What is this thing called heme? And, how does it do such amazing work inside our bodies? Scientists know that heme is a large ringed molecule called a porphyrin that has an iron atom sitting in the middle of it. In the heme molecule shown at right, the iron atom is green and the atoms in the porphyrin ring are carbon (teal), nitrogen (dark blue), hydrogen (not shown), and oxygen (red). In the figure below, the heme is embedded in (and bonded to) cytochrome c.
Understanding how heme functions at the biomolecular level is a hot research topic for biophysicists, including Research Associate Byung Moon Cho, Graduate Student Fredrik Carlsson, and Associate Fellow Ralph Jimenez. The JILA researchers use photon echo spectroscopy to study the motions of proteins associated with or attached to heme groups. Understanding these motions will help scientists figure out how heme proteins accomplish their important work inside our cells.
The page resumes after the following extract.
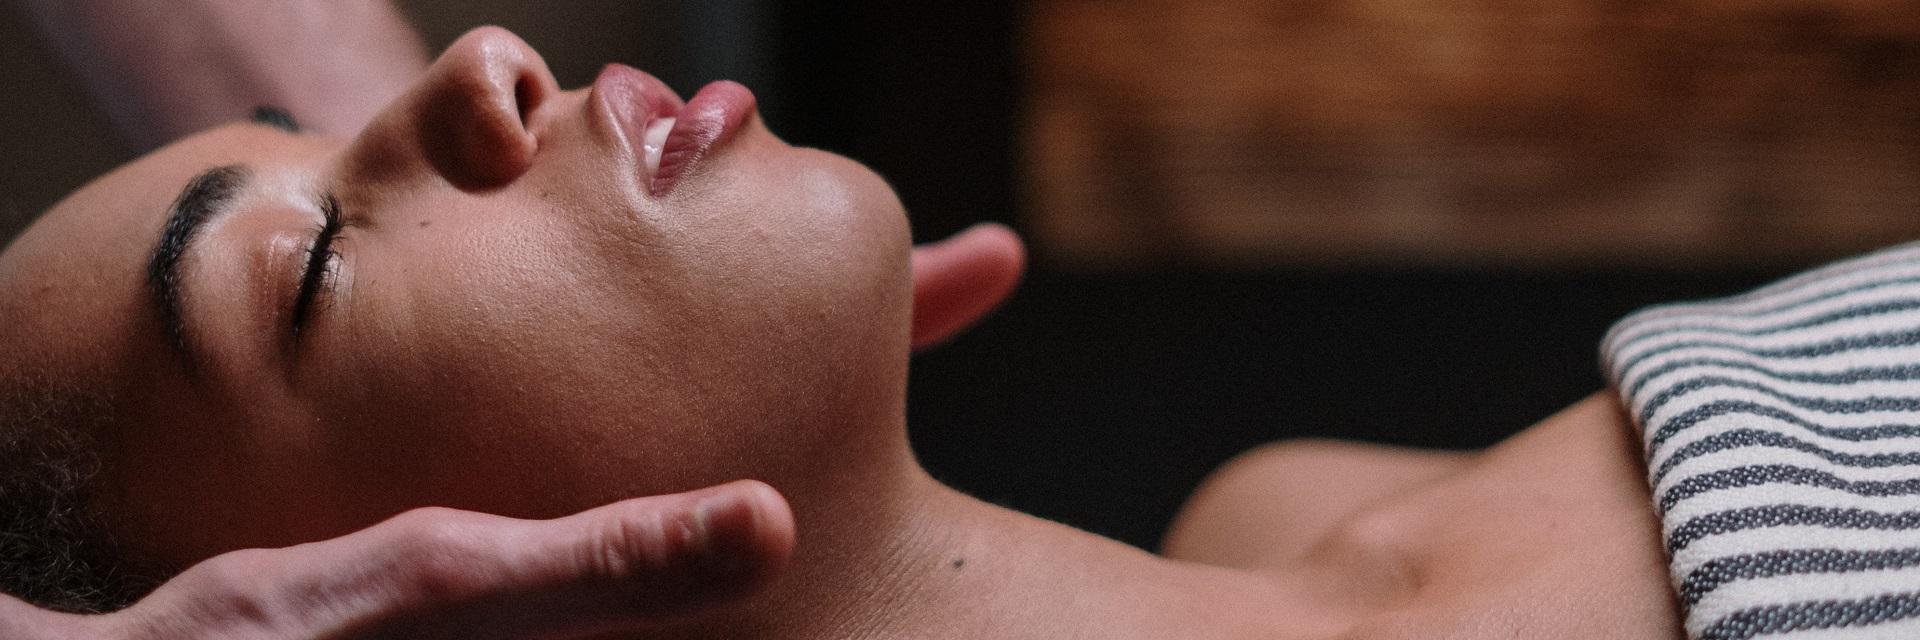 Biološki tretmani lica i Šampanj Lux tretman

Recently, the JILA scientists began a series of studies to measure and quantify the motions of cytochrome c and two other zinc-containing porphyrins. To allow them to make the most precise measurements possible, they substituted a zinc atom for the iron atom in the cytochrome c. To determine which motions are important biologically, the researchers compared the motions of natural cytochrome c, which has an active, three-dimensional structure, with the motions of identical, but denatured proteins, which have lost both their 3D structure and biological activity. Their spectroscopic technique clearly differentiated between active, functional cytochrome c and its denatured, nonfunctional cousin. It also provided information on the protein's binding with substrates, interaction with solvents, and energy states.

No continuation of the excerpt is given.